* [Work to be completed] Everything from the line that contains "Must see Wallpaper" through the last line below should be transcribed exactly, except the pictures.

[[ Collected material, beginning ]]

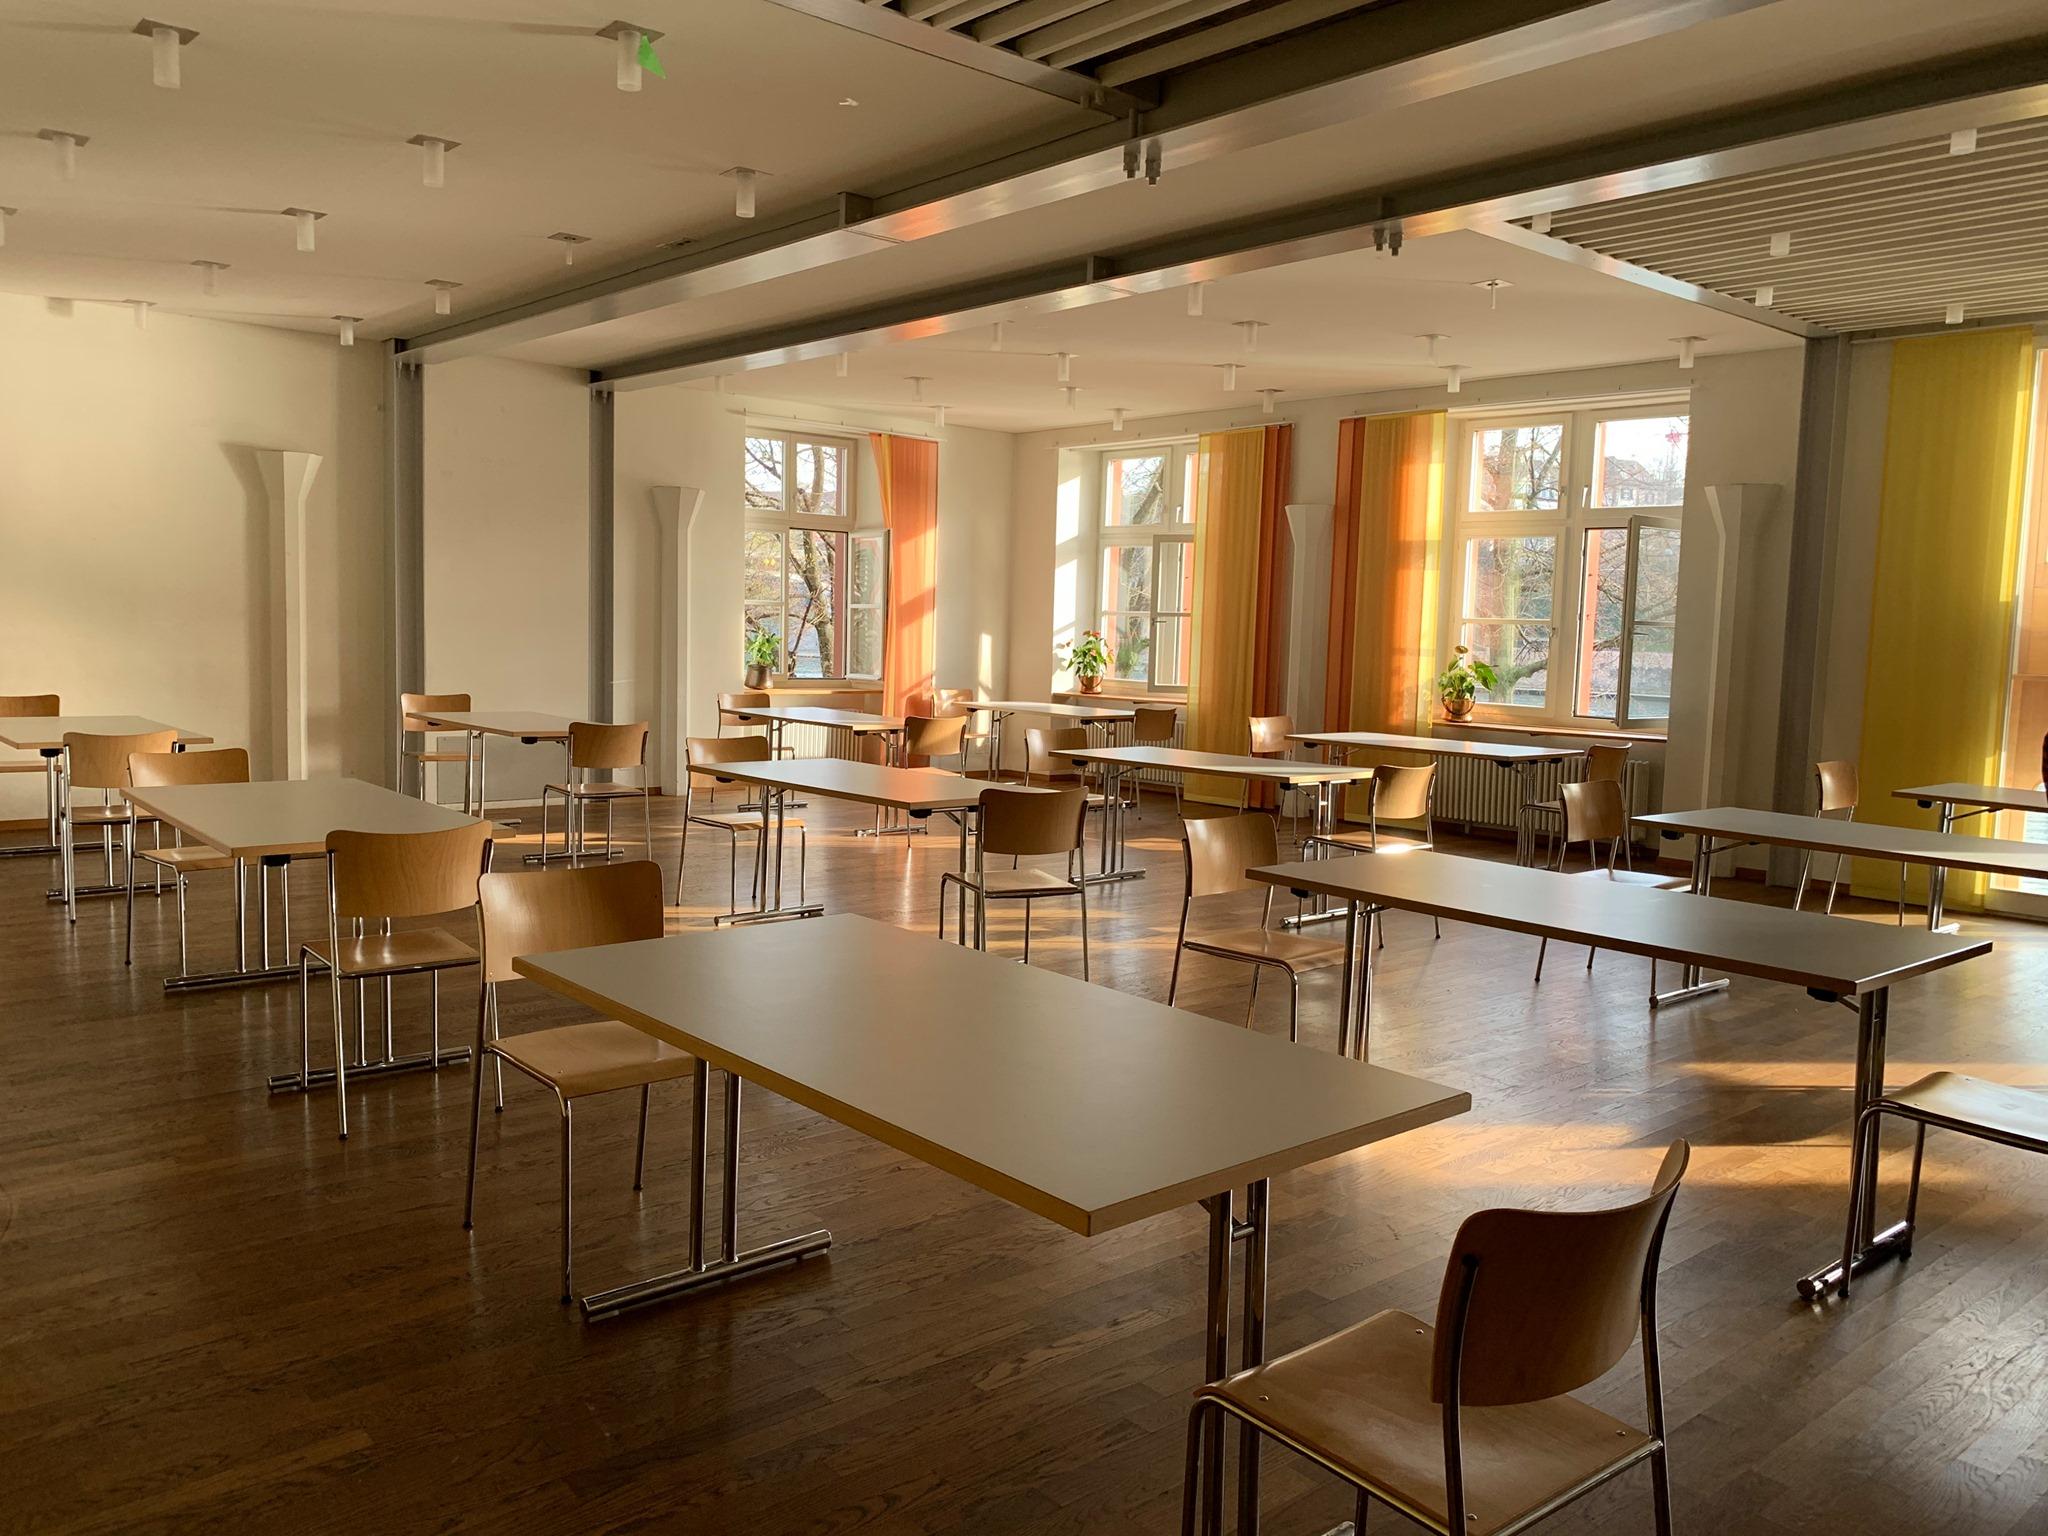 Saal in der Pfarrei St. Clara in Basel, wo Obdachlose ihr Essen an einem ruhigen Ort einnehmen können. © Verein für Gassenarbeit Schwarzer Peter, Basel.
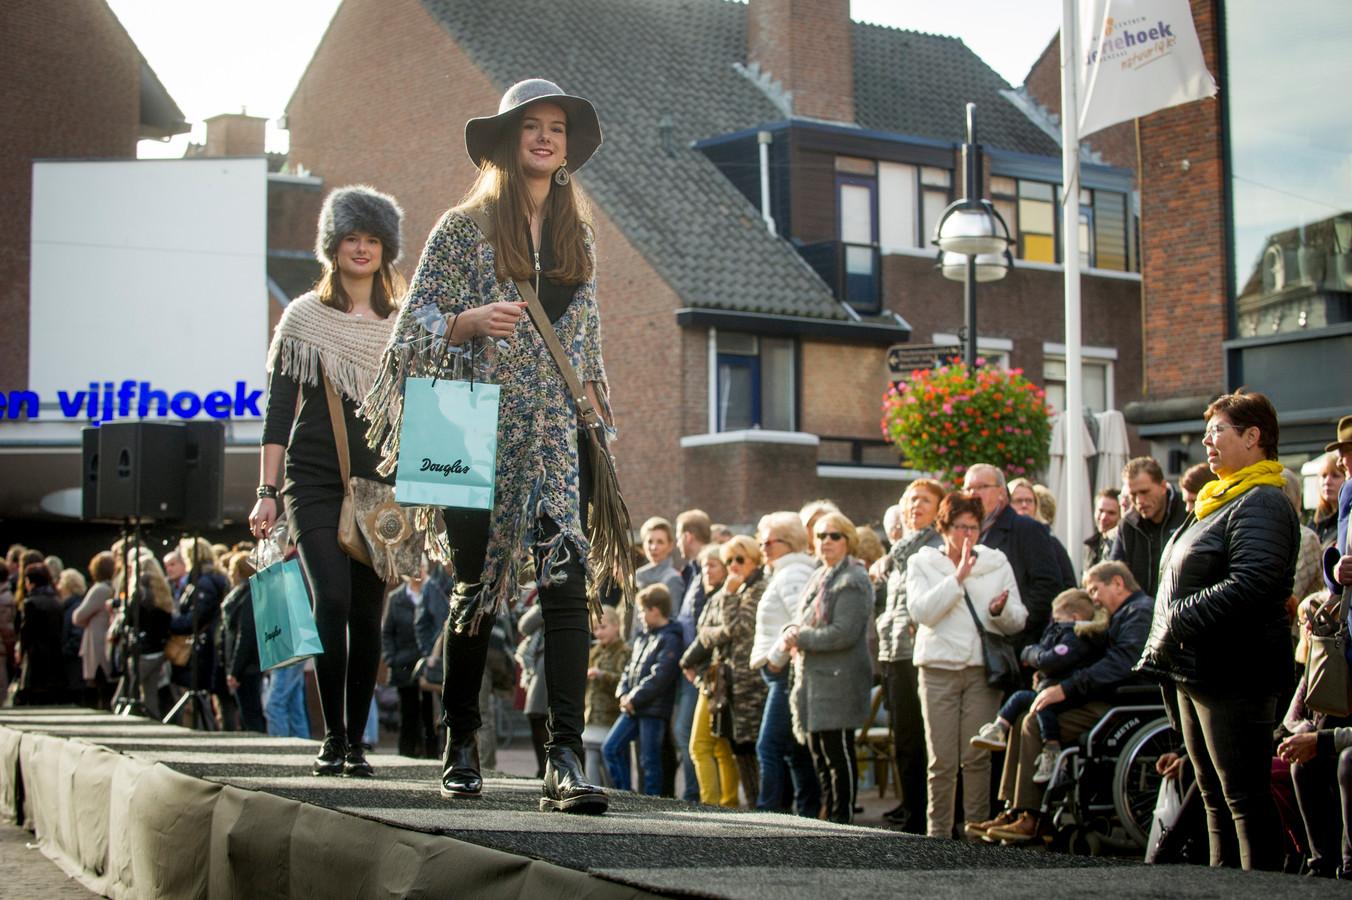 Voor het eerst sinds de uitbraak van het coronavirus wordt er op zondag 16 augustus weer een koopzondag gehouden in de Oldenzaal binnenstad. Zonder een grote modeshow of live-muziek, maar wel met veel deelname van de ondernemers.
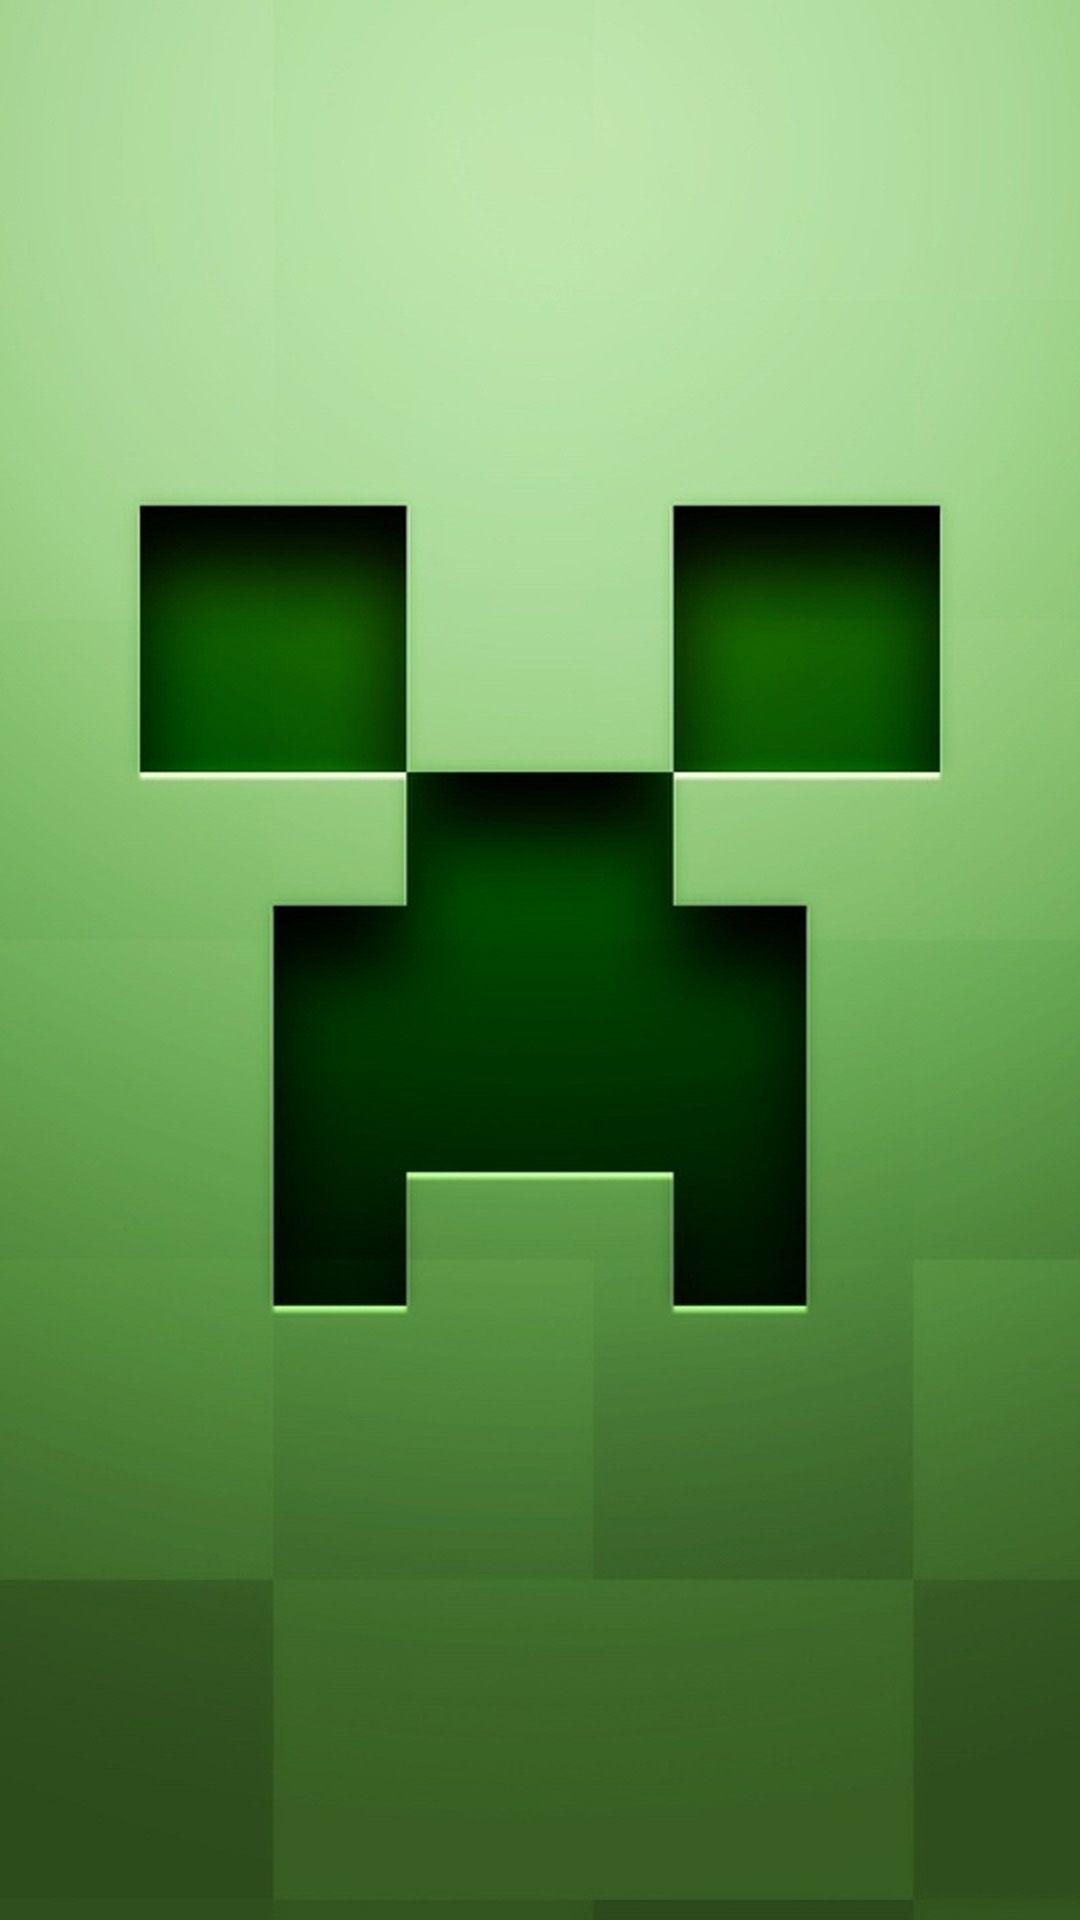 Must see Wallpaper Minecraft Abstract - 0f7b2d692f4a042f9cd91b6db183eb2b  Trends_3216100.jpg
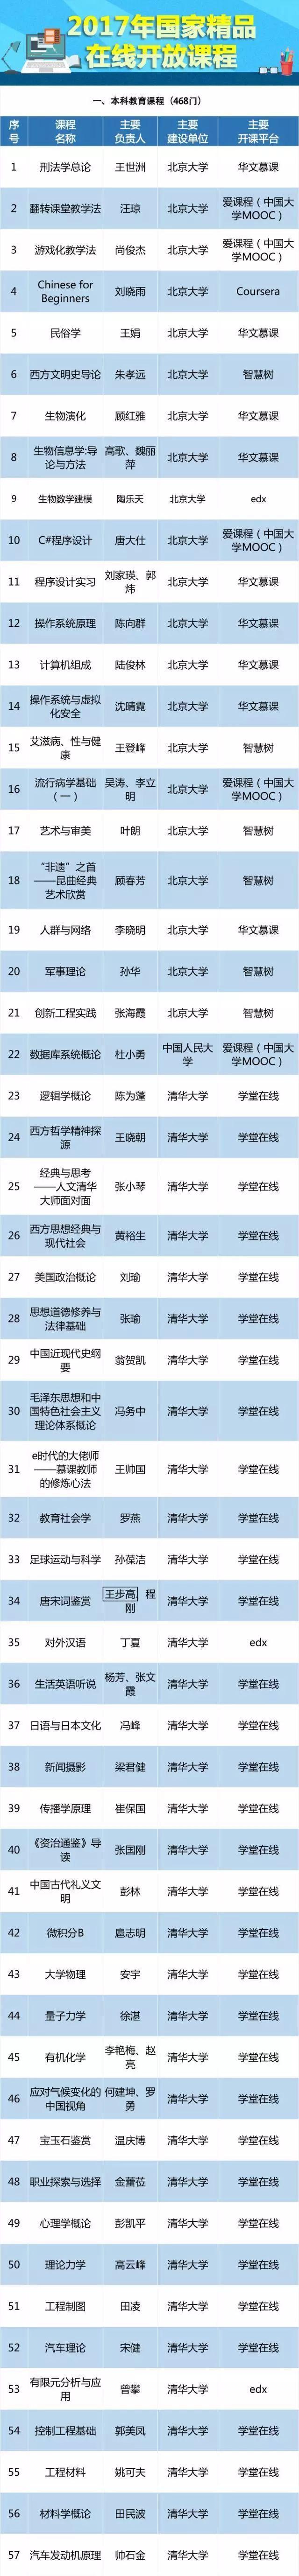 清华北大课程免费听,教育部公布490门精品在线开放课程

[[ Collected material, end ]]

* [Your response]
 Must see Wallpaper Minecraft Abstract - 0f7b2d692f4a042f9cd91b6db183eb2b  Trends_3216100.jpg
 清华北大课程免费听,教育部公布490门精品在线开放课程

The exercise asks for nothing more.